You can apply online at the Social Security Administration’s website, over the phone by calling the toll-free number (1-800-772-1213), or by going to your local Social Security Administration office and applying in person. It’s most important to answer questions correctly and complete your application.
You may need documentation to apply. Some examples of this documentation are birth certificates, proof of U.S. citizenship, and W-2 forms. An established Social Security law firm can apply for you.
What Will I Be Asked?
During the application process, the Social Security Administration must ask you questions. SSA first asks background questions, such as your name, gender, social security number, date and location of birth, and citizenship status. After this, SSA goes more in depth. Be ready to answer questions such as: Do “you have or had a child under age 3 living with you during a calendar year when you had no earnings”, have “you received or expect to receive any money from an employer since the date you became unable to work”, and do “you have any unsatisfied felony or arrest warrants for escape from custody, flight to avoid prosecution or confinement, or flight-escape.”
These are preliminary questions to determine if you can apply.
What Are My Odds?
It can take roughly 90 to 120 days (or more) for Social Security to process your application for Social Security Disability benefits. Waiting for an answer is the worst part for many. There is a lot riding on the result. Of the countless applications for benefits that the Social Security Administration receives, only about thirty percent are approved at the initial level. This leaves seventy percent considering an appeal to get benefits.

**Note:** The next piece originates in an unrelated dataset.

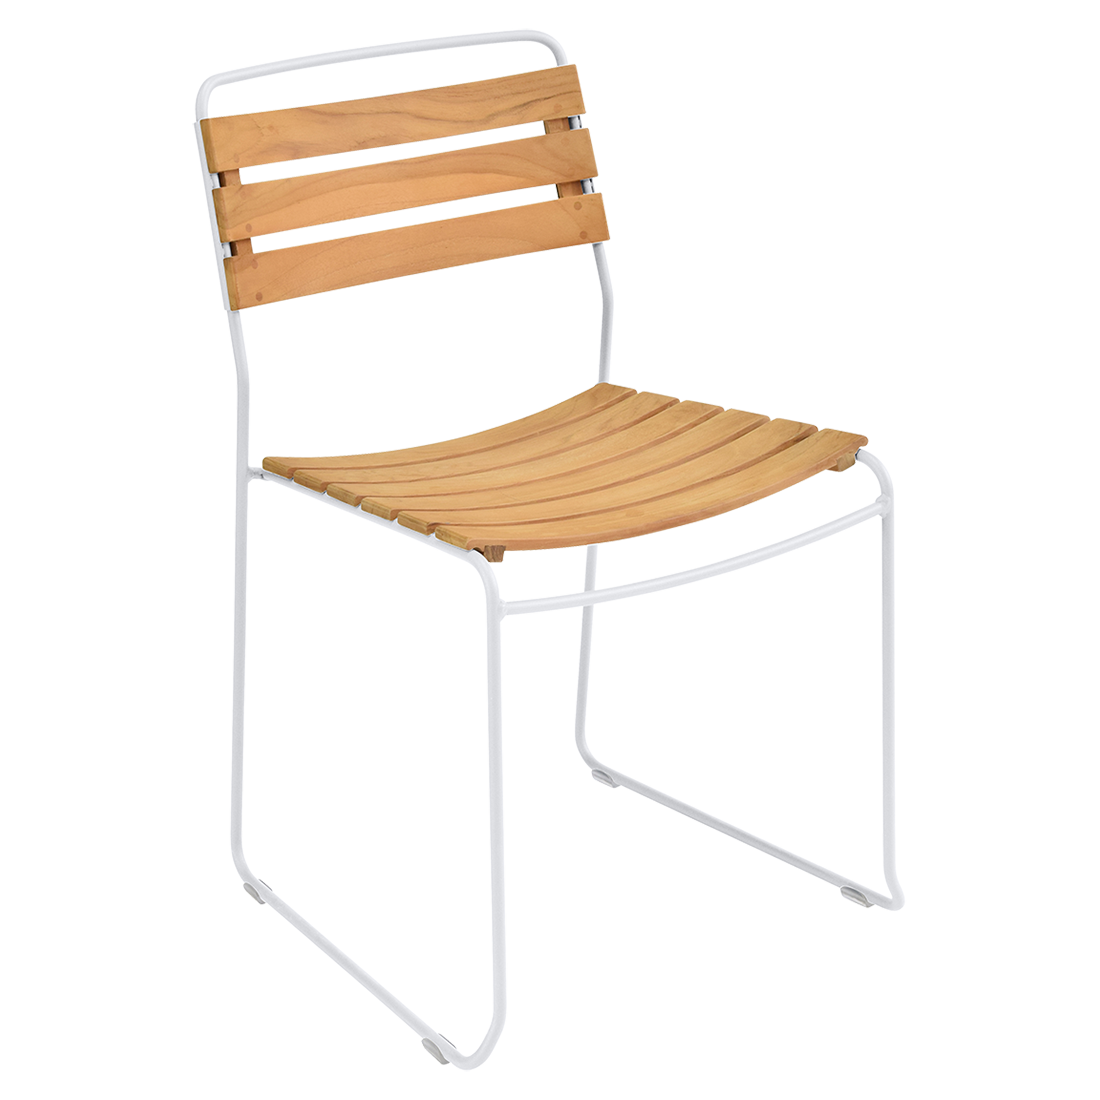 chaise surprising, chaise fermob, chaise bois et metal, chaise de jardin, chaise design, chaise bois et blanc, guggenbichler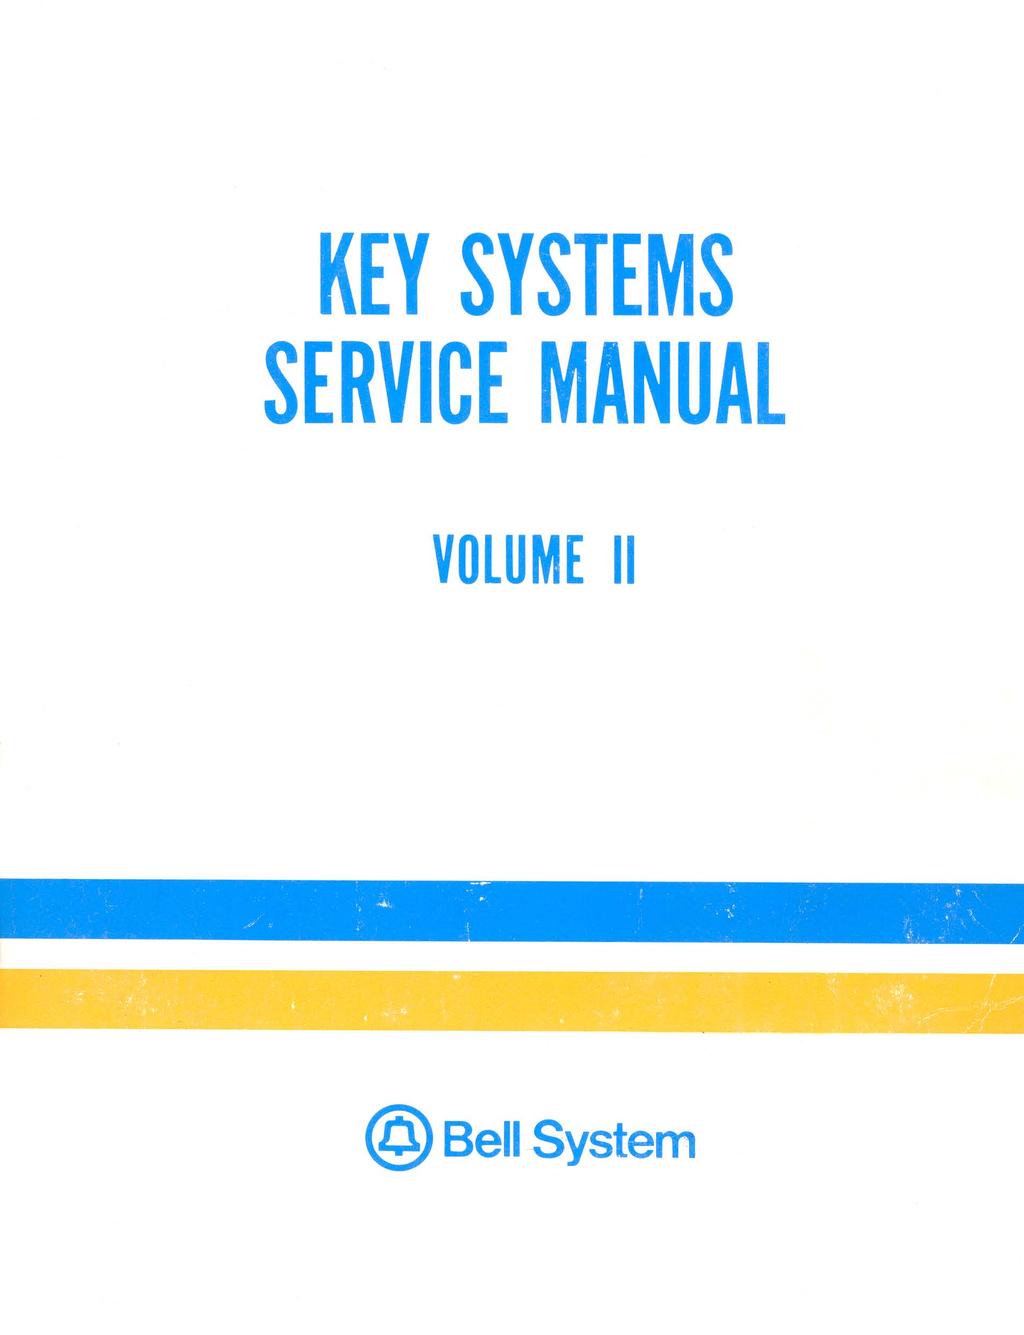 KEY SYSTEMS SERVICE MANUAL

The odds aren’t great, but the next appeal level is to request a “reconsideration.” The Social Security Administration approves a mere 10 percent at this level. The appeal process is time consuming. If you give up, you may have to start over. Starting a new claim, however, is not always possible. If your doctors believe you can work, then work. Otherwise, appealing your denial is the only chance to be approved.
If you are denied at the reconsideration level, you need to request a hearing before a Social Security judge. Many more people are approved at this level. Your odds of approval go up further if you bring your Social Security Disability attorney to your hearing to correct the errors made on your claim and to point out how your medical evidence proves you cannot work.
Claiming Your Social Security Disability Benefit
Do you think you may qualify for Social Security on the basis of a disability but have never applied, or have you applied but were denied? Please call us, or complete our Free Disability Evaluation today. It only takes 5 minutes, and it could change your life.
The Social Security Disability Process can seem a little complicated at first glance, but our team of Disability and Social Security attorneys and staff will be there to explain it all to you, and guide you every step of the way.
How Does the Process Work?
Each step in the Social Security Disability Process requires its own set of forms and information about your particular medical condition, and denials have to be appealed within a specific time period. Our lawyers understand Social Security’s requirements at every level and can help you with certain strategies that have been proven to increase the chances of success for some of our clients.
Social Security Disability and SSI claims follow an appeal process:
- Appeals Council
- Federal Court
The majority of people trying to get Social Security disability benefits are denied at the lower levels. This is not as hopeless as it sounds however, as claims are very often approved at the hearing level. So don’t despair. One of our team of licensed attorneys will accompany you to your hearing, where they will argue your claim, cross-examine experts, and make sure your legal rights are upheld based on testimony and evidence.
At the appeals council level and beyond, legal errors can be sent back (remanded) or approved (reversed).